社会福祉法人岸和田市社会福祉協議会は、物価高騰などが地域の福祉活動に与える影響を把握するため、市内の地区福祉委員会と子どもの居場所(子ども食堂)を対象に実施した実態調査の結果を公表した。全24校区の地区福祉委員会のうち約8割が日々の財政運営に負担を感じていることが判明した。同会はこの結果を踏まえ、岸和田市へ予算要望書を提出したほか、市民や企業に向けて寄附や支援を呼びかけている。

地区福祉委員会の約8割が財政運営に苦しさ

調査は6月から7月にかけて実施され、市内全24校区の地区福祉委員会(回答率100%)と、子どもの居場所22団体が回答した。

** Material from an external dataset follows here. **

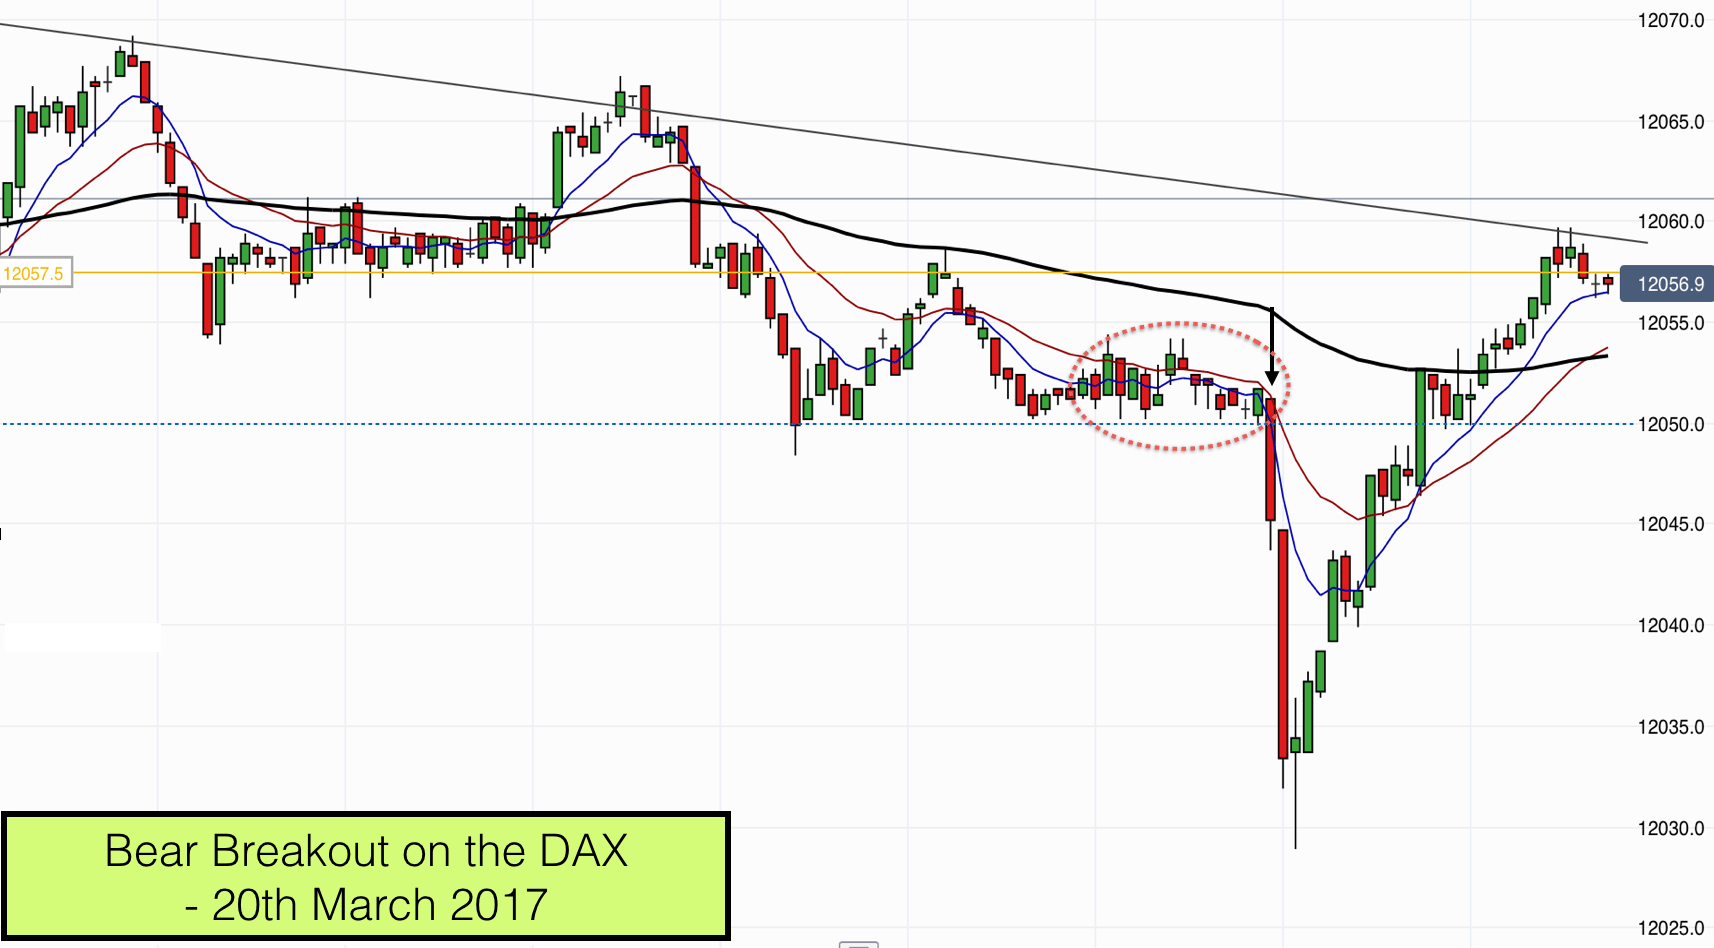 DAX Breakout 20th March 2017

地区福祉委員会への調査では、全24校区中19校区(79.2%)が、高齢者サロンや見守り活動などの日々の財政運営について「非常に苦しい」または「やや苦しい」と回答した。経費面では、行事等で配布する食材費・弁当代・お茶代の上昇を挙げた地区が21校区(87.5%)に達し、訪問時に配布する消耗品価格の上昇を挙げた地区も10校区にのぼった。

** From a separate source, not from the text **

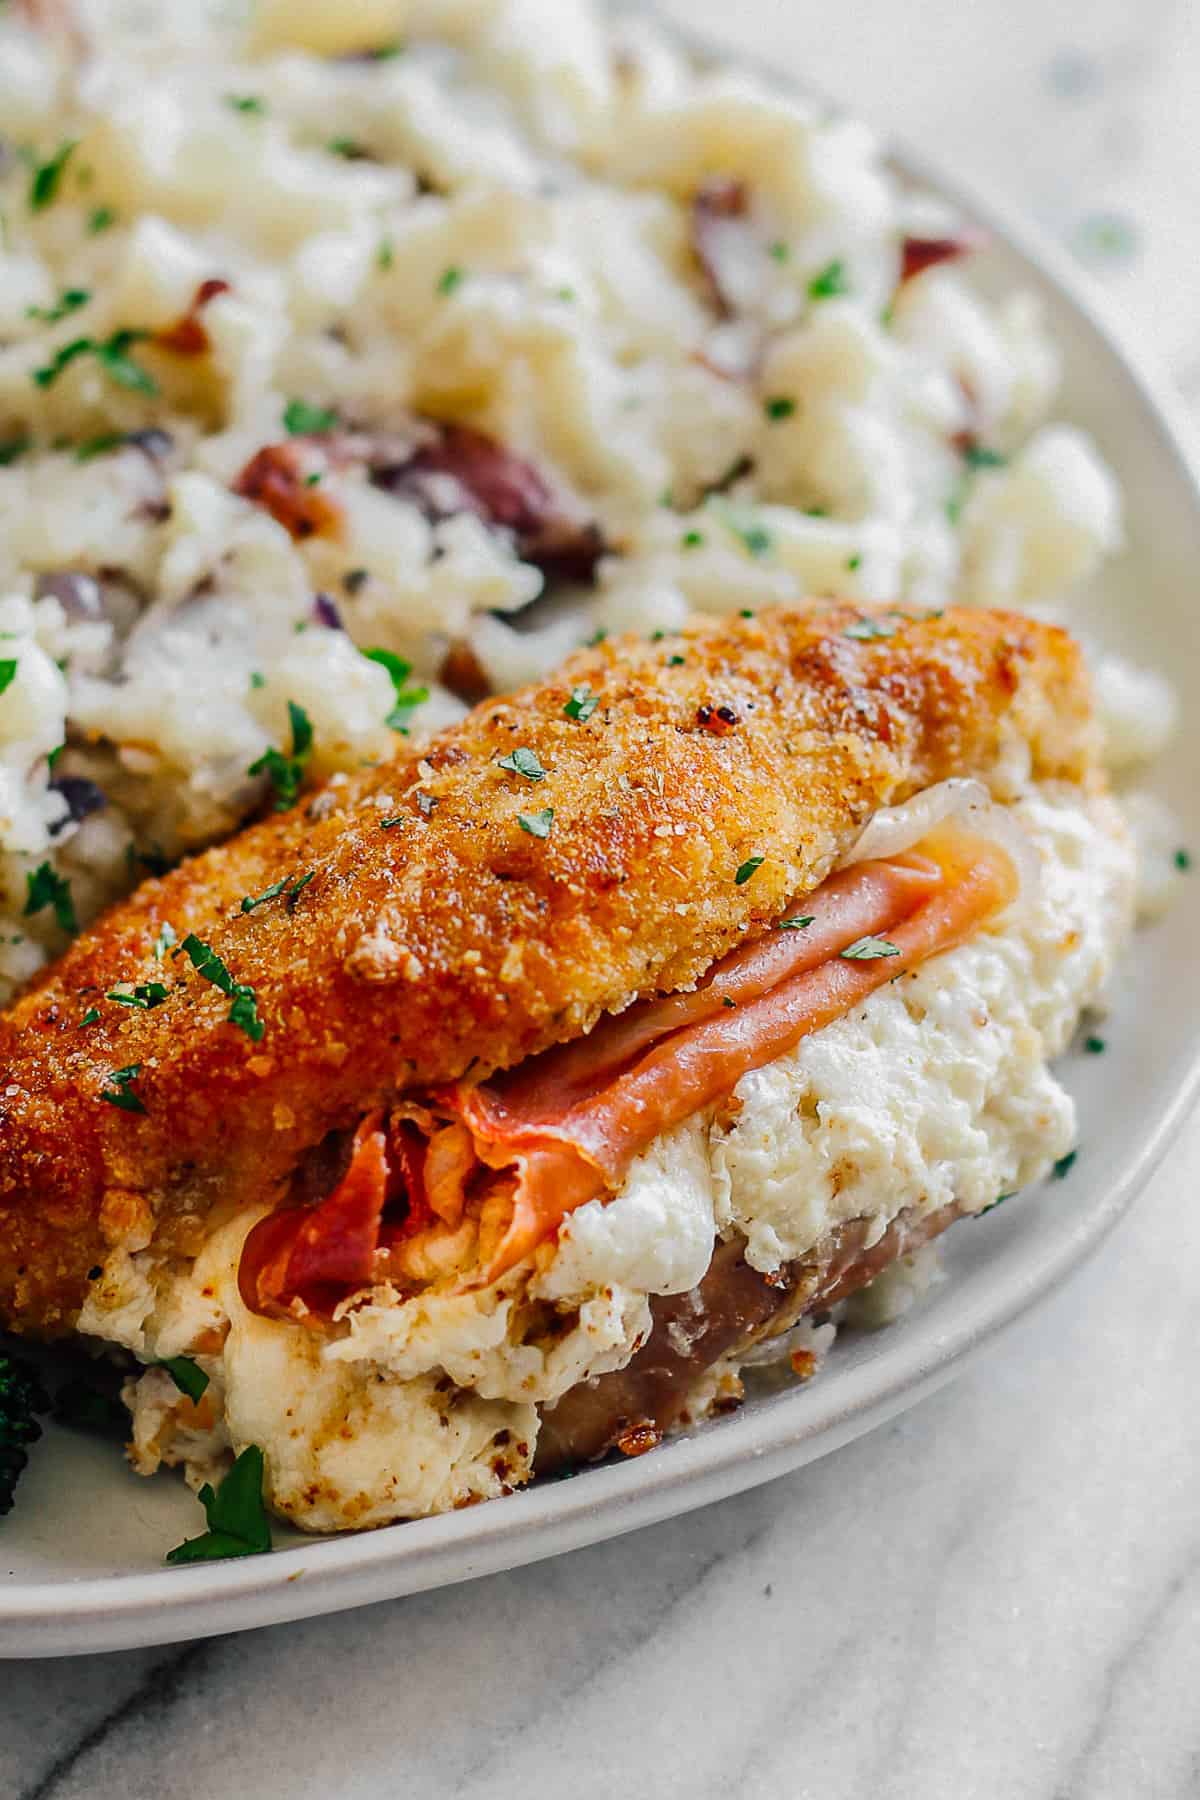 up close image of breaded chicken stuffed with prosciutto and cheese

自由記述では、茶葉を沸かして提供するなど節約の工夫を重ねているものの今後の運営に不安があるという声や、やりくりで対応できる範囲を超えつつあるといった意見が寄せられた。

子どもの居場所では資金と食材・物資確保が課題

子どもの居場所(子ども食堂)を運営する団体への調査では、13団体が「運営資金の不足」、12団体が「食材や物資の確保」を深刻な運営課題として挙げた。物価や水道光熱費、食材費などの上昇が、地域住民のボランティア活動による草の根の運営に影響を与えている状況が示されている。

岸和田市へ予算要望書を提出、寄附も呼びかけ

岸和田市社会福祉協議会は深刻な実態を共有するため、岸和田市長宛てに「令和9年度地域福祉推進における予算要望書」および「令和9年度こどもの居場所推進における予算要望書」を提出したとしている。要望書では、地区福祉委員会活動への補助基準額の適正化や、専門的に住民活動を伴走支援する福祉活動専門員(コミュニティワーカー)およびこどもの居場所づくりコーディネーターの配置体制と財源の強化などを提案している。

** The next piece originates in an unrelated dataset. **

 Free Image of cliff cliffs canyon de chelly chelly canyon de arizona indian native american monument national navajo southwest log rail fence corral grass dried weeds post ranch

あわせて同会は、見守り活動や子ども食堂の現場への支援を継続するため、市民や企業・団体からの寄附を呼びかけている。個人からの直接寄附のほか、企業・団体からの資金支援や食材・消耗品などの物資の寄付も随時受け付けている。

本記事は社会福祉法人岸和田市社会福祉協議会の発表をもとに作成。